◆ **Data below**:

-.-.-

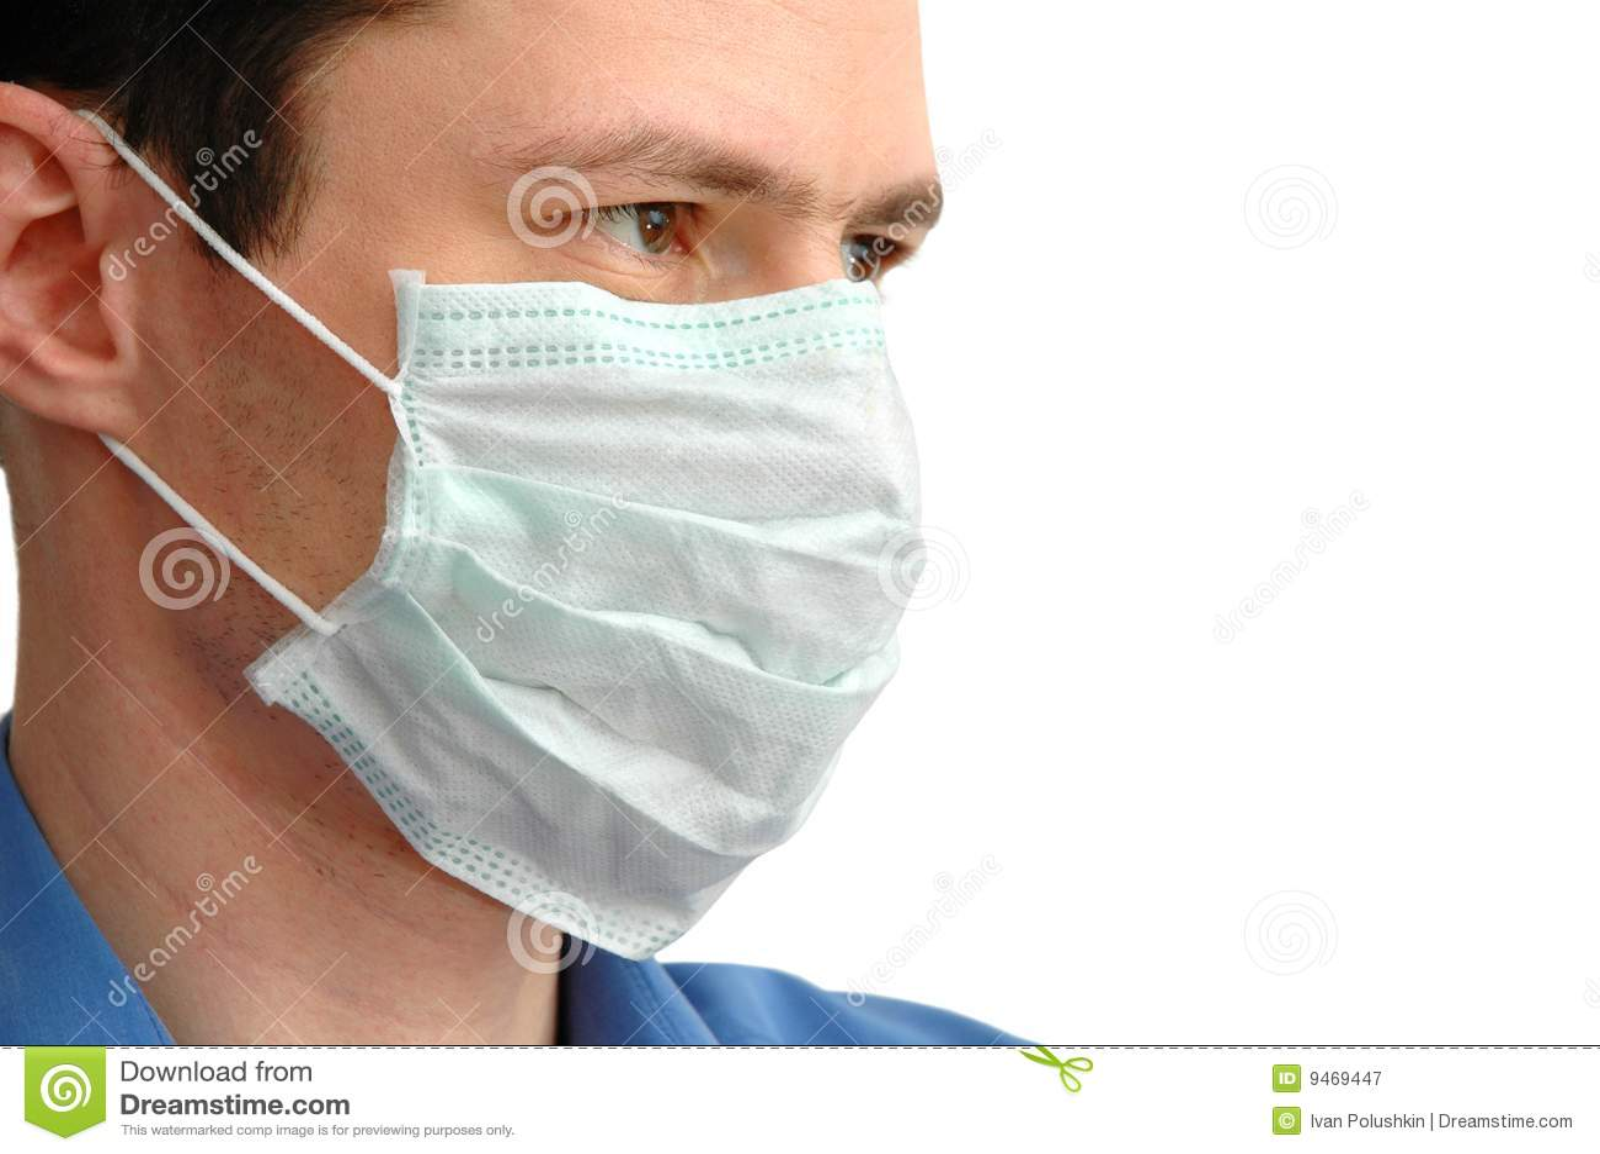 mdecin-dans-le-masque-9469447
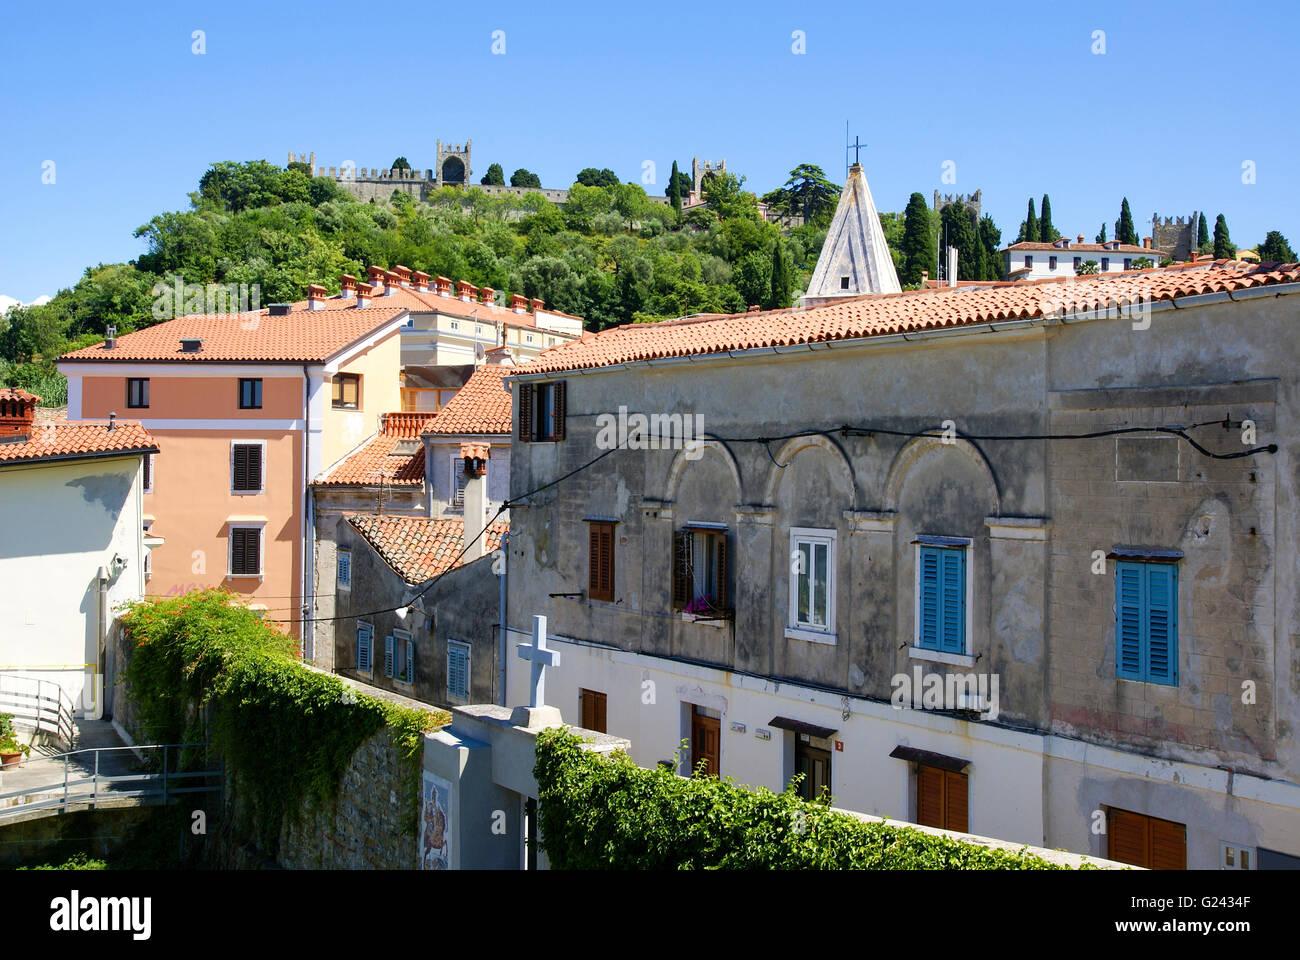 Piran (Pirano) is a town in southwestern Slovenia on the Gulf of Piran on the Adriatic Sea - Stock Image
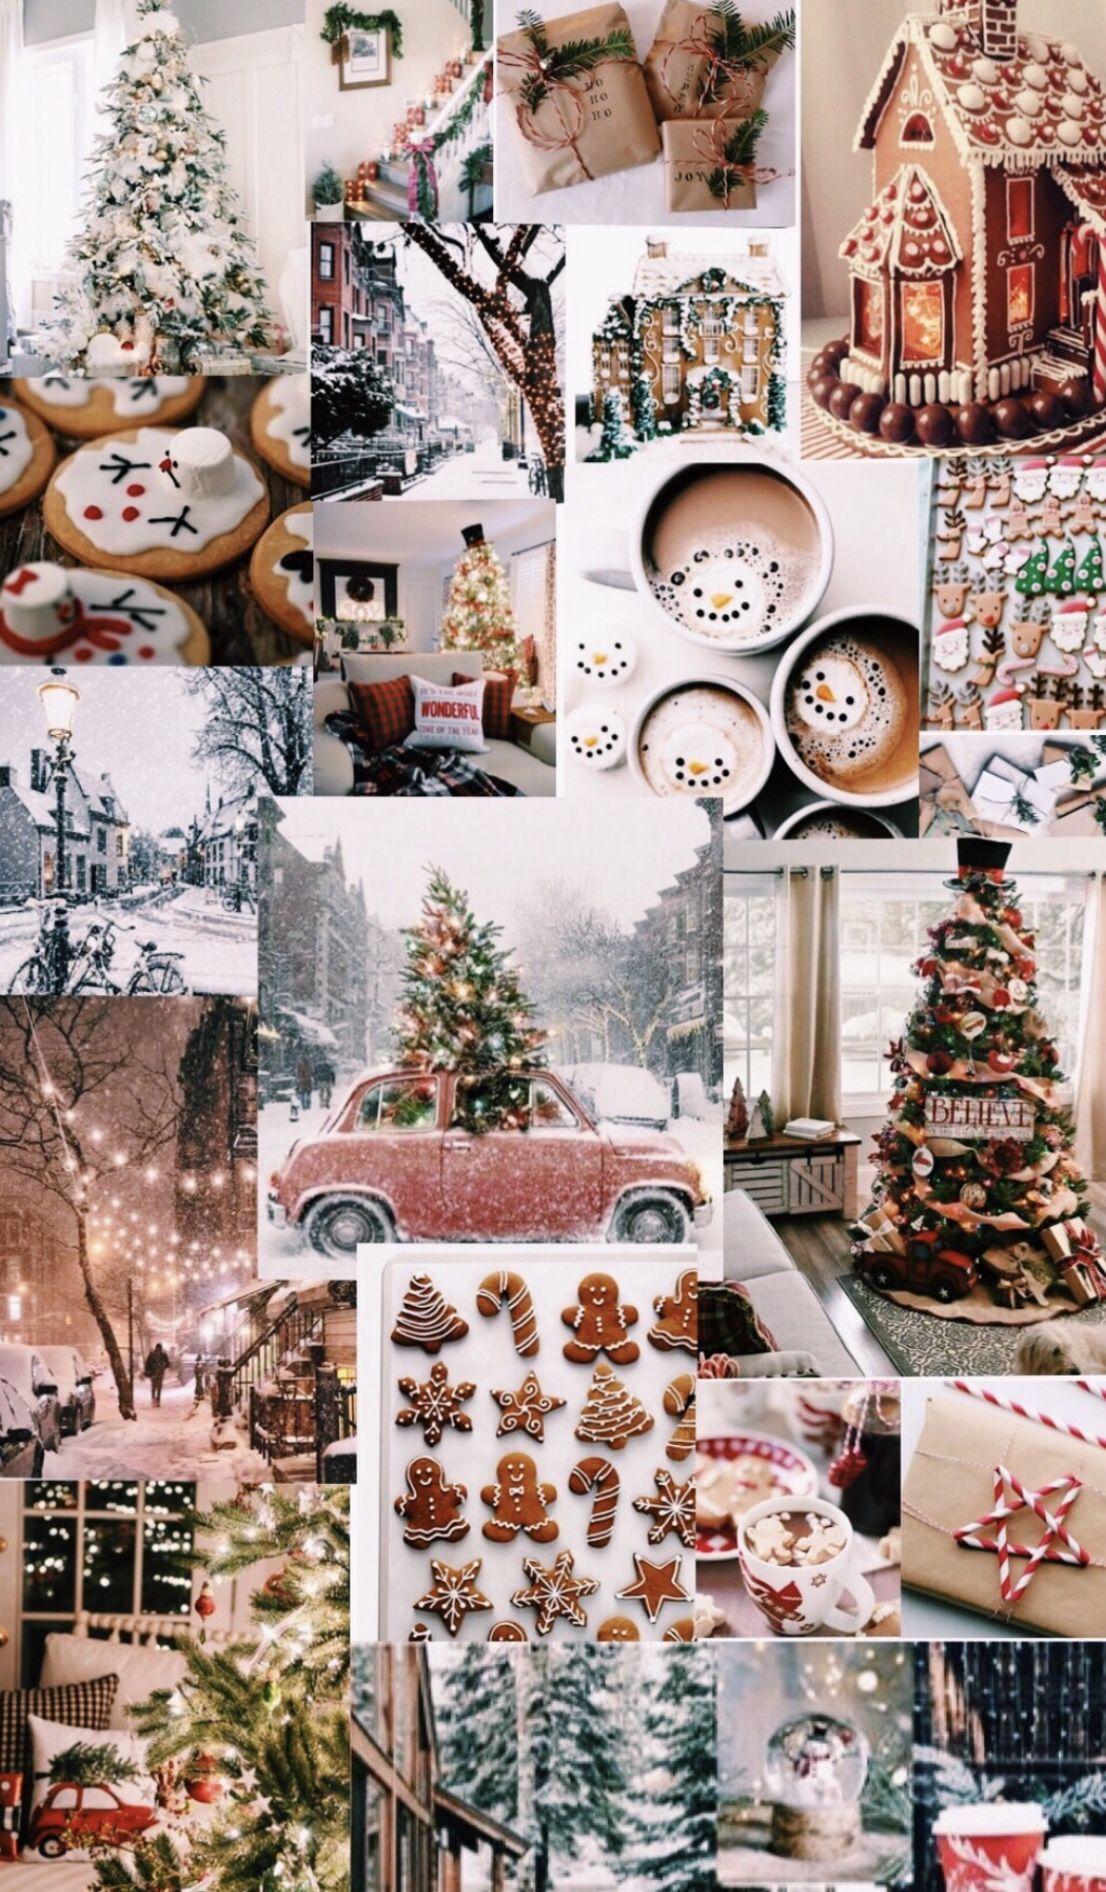 Christmas Collage Iphone Wallpaper Wallpaper Iphone Christmas Cute Christmas Wallpaper Christmas Phone Wallpaper

-.-.-

With the pictures excluded, restate the material exactly as it stands.

 mdecin-dans-le-masque-9469447
 Piran (Pirano) is a town in southwestern Slovenia on the Gulf of Piran on the Adriatic Sea - Stock Image
 Christmas Collage Iphone Wallpaper Wallpaper Iphone Christmas Cute Christmas Wallpaper Christmas Phone Wallpaper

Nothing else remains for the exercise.